В голосе дяди прозвучала такая решимость, что я понял: никакие препятствия не остановят его, поскольку он возымел желание продлить наш род достойным наследником, истинным продолжателем благородного искусства отцов. А от меня он не ждет ничего доброго. И моя мать, кажется, тоже.
— Как же ты это выяснишь? — с некоторой неуверенностью спросила она. — Ведь останки предков, что лежат в могилах, не заговорят!
— Пойду к Хасбулату, сыну Алибулата из рода Темирбулата, древнейшему из стариков аула. Может быть, его память сохранила это событие.
— Да какая у него память! Он и сам-то почти впал в детство.
— Но это событие наверняка было не из обычных, поэтому он должен вспомнить! — уверенно произнес дядя.
И почтенный дядя выскочил из комнаты, как Наполеон из кареты при переходе через Березину. Увидев меня, он погрозил мне пальцем и ринулся вниз по лестнице.

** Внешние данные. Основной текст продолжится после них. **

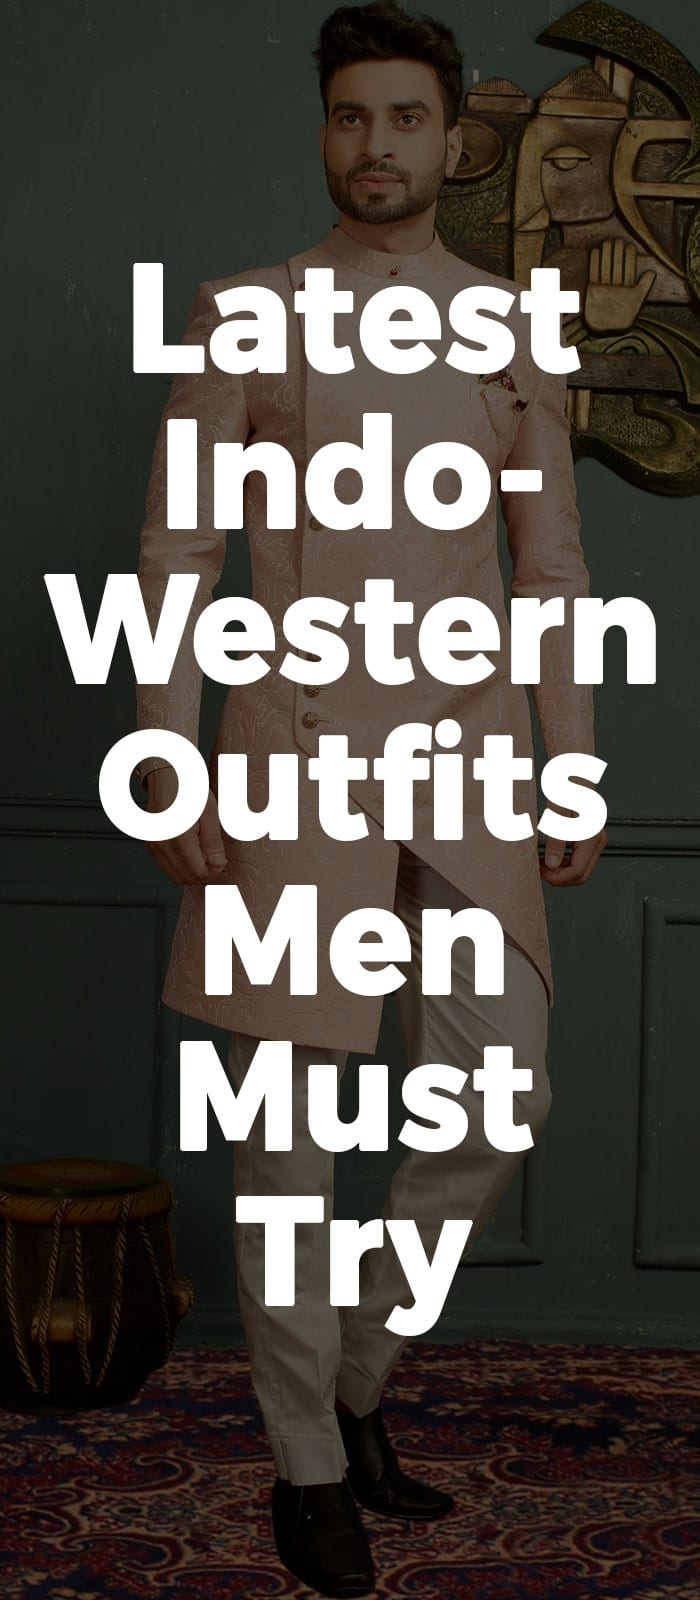 Latest Indo- Western Outfits Men Must Try

Тут-то я и убедился, что терпение дяди в ожидании моей свадьбы окончательно лопнуло, как сладкозвучная струна на чугуре в руках виртуоза Абу-Самада из Мугри, когда он аккомпанирует певице Муи, голос которой столь тонок и протяжен, что струна, не выдержав этих длительных колебаний, рвется на самой высокой ноте, издавая звук «цив».
Как только мой дядя ушел выяснять то, что меня меньше всего беспокоило, я отправился следом за ним выяснить то, что беспокоило меня больше всего.

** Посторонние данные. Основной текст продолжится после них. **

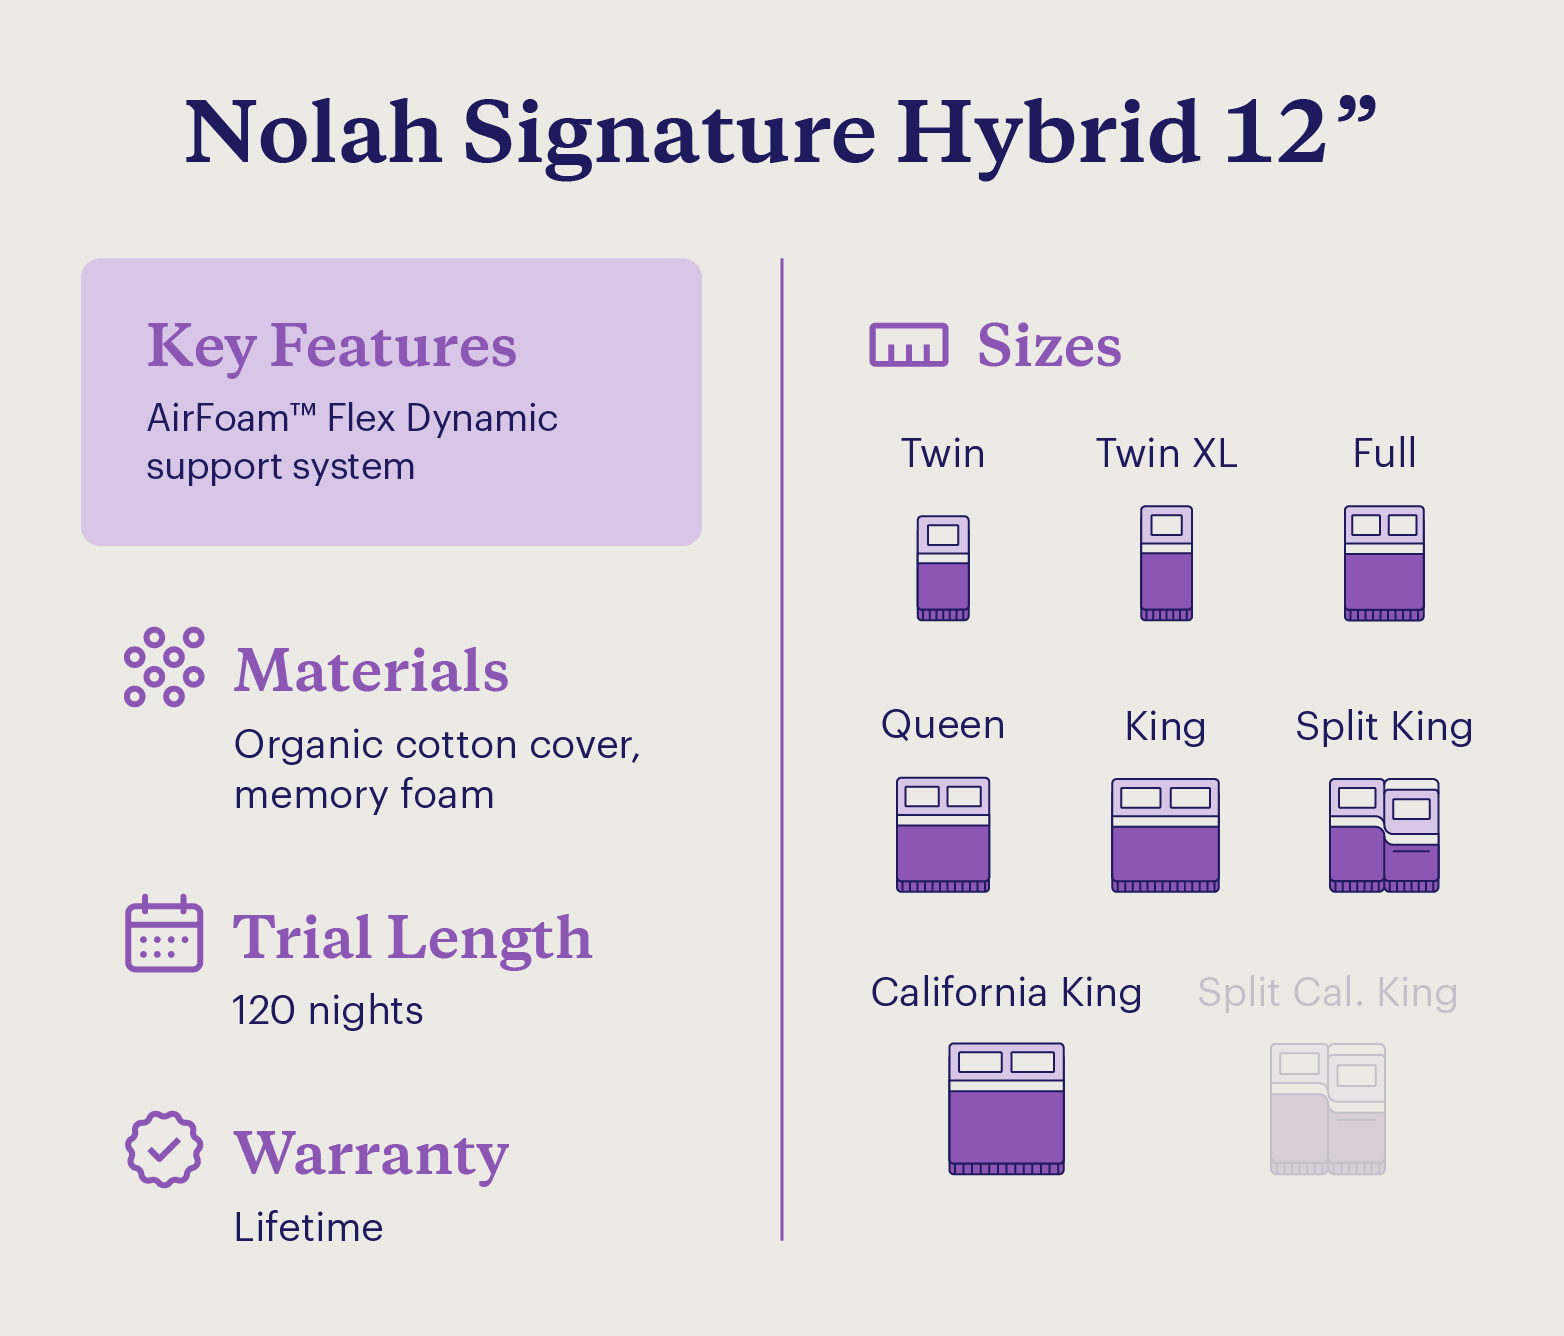 A graphic shows the key features and details of the Nolah Signature Hybrid 12” mattress.

Я человек нового времени, и меня занимает все, в чем я сам могу принять участие. А дядя и мать любят покопаться в старине. Но, кроме всего прочего, мне сейчас не хотелось видеть мать, и не только потому, что я боялся ее гнева, — просто после всего услышанного мне было бы неловко смотреть ей в глаза.
Решимости у меня было не меньше, чем у дяди, и, хотя обычай запрещает даже подходить к порогу дома, в котором живет полюбившаяся девушка, я все же рискнул проникнуть к ней во двор: а вдруг она выйдет?

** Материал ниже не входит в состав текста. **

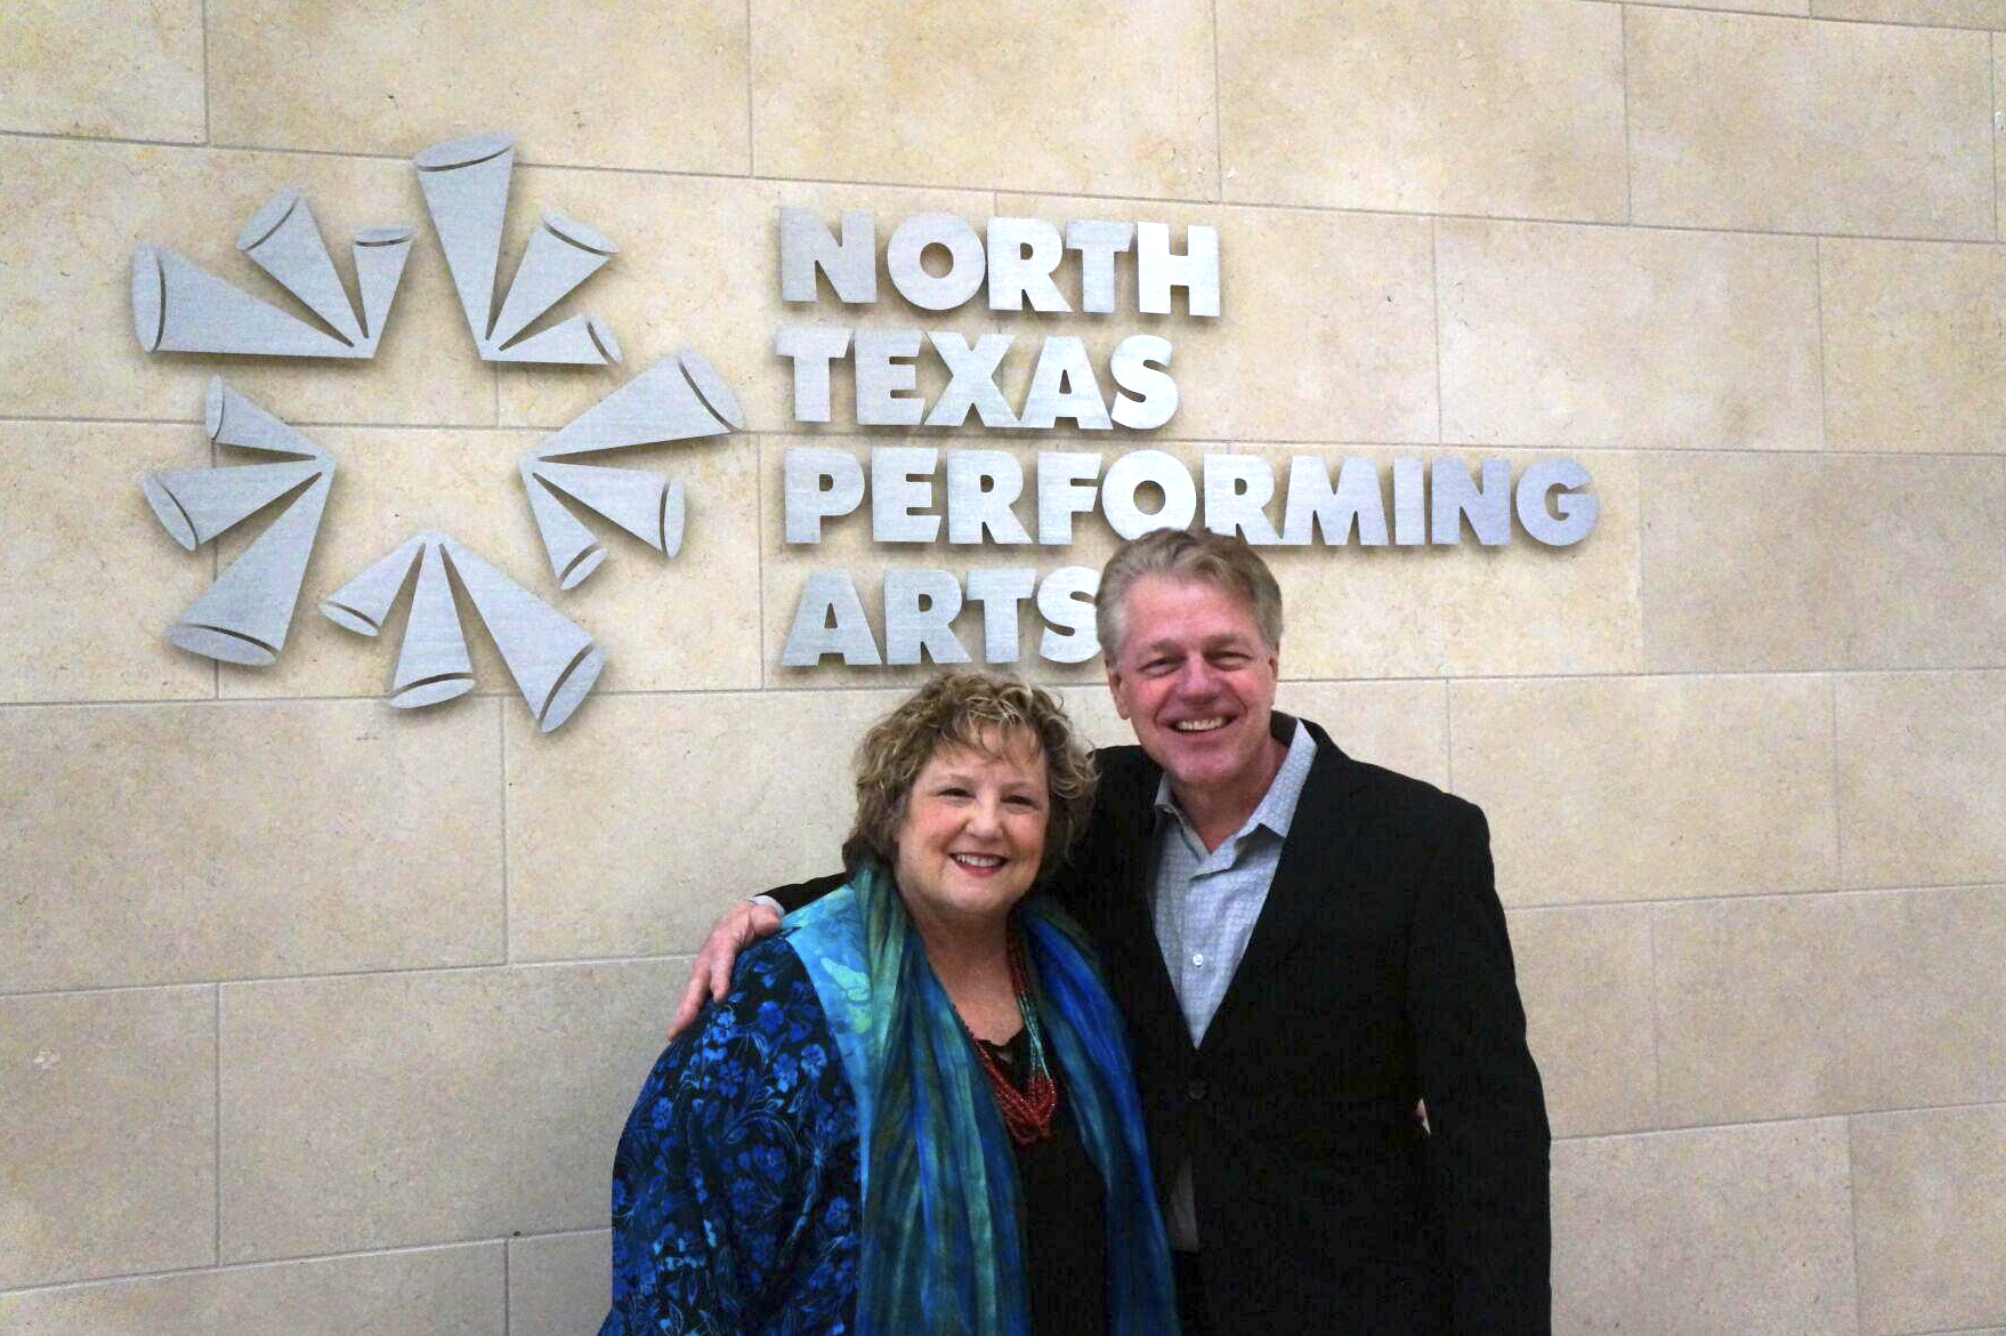 Sara Akers and Darrell Rodenbaugh stand in front of North Texas Performing Arts sign

Но откуда я мог знать, что лохматый волкодав, охраняющий дом Жандара и вечно бряцающий цепью за каменным забором, именно в этот час окажется на свободе? И могла ли эта тварь знать, какие чувства питаю я к дочери ее хозяина? Одним словом, не успел я сделать и шага к лестнице, ведущей на второй этаж, как послышалось злобное рычание.
От лестницы я отпрянул так быстро, что голодному псу удалось вцепиться лишь в заднюю часть моих брюк. Но уж с ними-то он сумел разделаться...
Словом, эта собака, которую точнее и не назовешь, чем «собака», и которая подохла бы с тоски, поняв, что она именно собака, лихо вырвала из моих брюк кусок коверкота величиной с тарелку для супа. И хотя я пять лет в комсомоле, я мысленно поблагодарил аллаха, что клыки ее не достали до трусов. Глядя на страшный оскал пса, я с горечью подумал о том, какой разговор мог бы получиться у меня с Жандаром, если даже его собака поступила со мною столь жестоко.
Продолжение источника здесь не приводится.